Let the answer be the lines from the one with "Unisex: Brown T (Long Sleeve)" to the end of the entries, copied exactly with both boundary lines kept.

[Opening WORKING DATA section]

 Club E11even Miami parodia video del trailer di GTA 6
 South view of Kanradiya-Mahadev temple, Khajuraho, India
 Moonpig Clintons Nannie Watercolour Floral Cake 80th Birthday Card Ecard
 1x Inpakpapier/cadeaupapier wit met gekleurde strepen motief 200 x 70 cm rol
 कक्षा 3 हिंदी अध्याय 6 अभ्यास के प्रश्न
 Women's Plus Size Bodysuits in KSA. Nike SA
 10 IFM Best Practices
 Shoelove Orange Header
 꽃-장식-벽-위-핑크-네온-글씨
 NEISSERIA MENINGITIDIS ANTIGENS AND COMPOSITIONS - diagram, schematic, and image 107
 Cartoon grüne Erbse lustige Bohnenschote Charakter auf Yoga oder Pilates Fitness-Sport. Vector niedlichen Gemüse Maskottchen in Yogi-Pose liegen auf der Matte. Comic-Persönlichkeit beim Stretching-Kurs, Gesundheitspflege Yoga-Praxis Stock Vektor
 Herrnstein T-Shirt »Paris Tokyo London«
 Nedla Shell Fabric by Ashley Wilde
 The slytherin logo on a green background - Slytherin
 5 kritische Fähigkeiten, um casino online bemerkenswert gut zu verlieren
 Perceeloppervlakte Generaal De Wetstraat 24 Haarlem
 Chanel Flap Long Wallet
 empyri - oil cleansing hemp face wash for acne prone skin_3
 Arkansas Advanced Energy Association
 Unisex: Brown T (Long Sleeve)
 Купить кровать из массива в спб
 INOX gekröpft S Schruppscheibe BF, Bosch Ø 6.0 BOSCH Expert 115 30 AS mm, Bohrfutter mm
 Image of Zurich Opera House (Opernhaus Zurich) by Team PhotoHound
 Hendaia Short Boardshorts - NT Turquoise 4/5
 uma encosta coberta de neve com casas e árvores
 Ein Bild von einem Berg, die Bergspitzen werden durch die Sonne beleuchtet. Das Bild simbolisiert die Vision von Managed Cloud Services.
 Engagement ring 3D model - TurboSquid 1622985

[Closing WORKING DATA section]

# OUTPUT OF THE TASK
 Unisex: Brown T (Long Sleeve)
 Купить кровать из массива в спб
 INOX gekröpft S Schruppscheibe BF, Bosch Ø 6.0 BOSCH Expert 115 30 AS mm, Bohrfutter mm
 Image of Zurich Opera House (Opernhaus Zurich) by Team PhotoHound
 Hendaia Short Boardshorts - NT Turquoise 4/5
 uma encosta coberta de neve com casas e árvores
 Ein Bild von einem Berg, die Bergspitzen werden durch die Sonne beleuchtet. Das Bild simbolisiert die Vision von Managed Cloud Services.
 Engagement ring 3D model - TurboSquid 1622985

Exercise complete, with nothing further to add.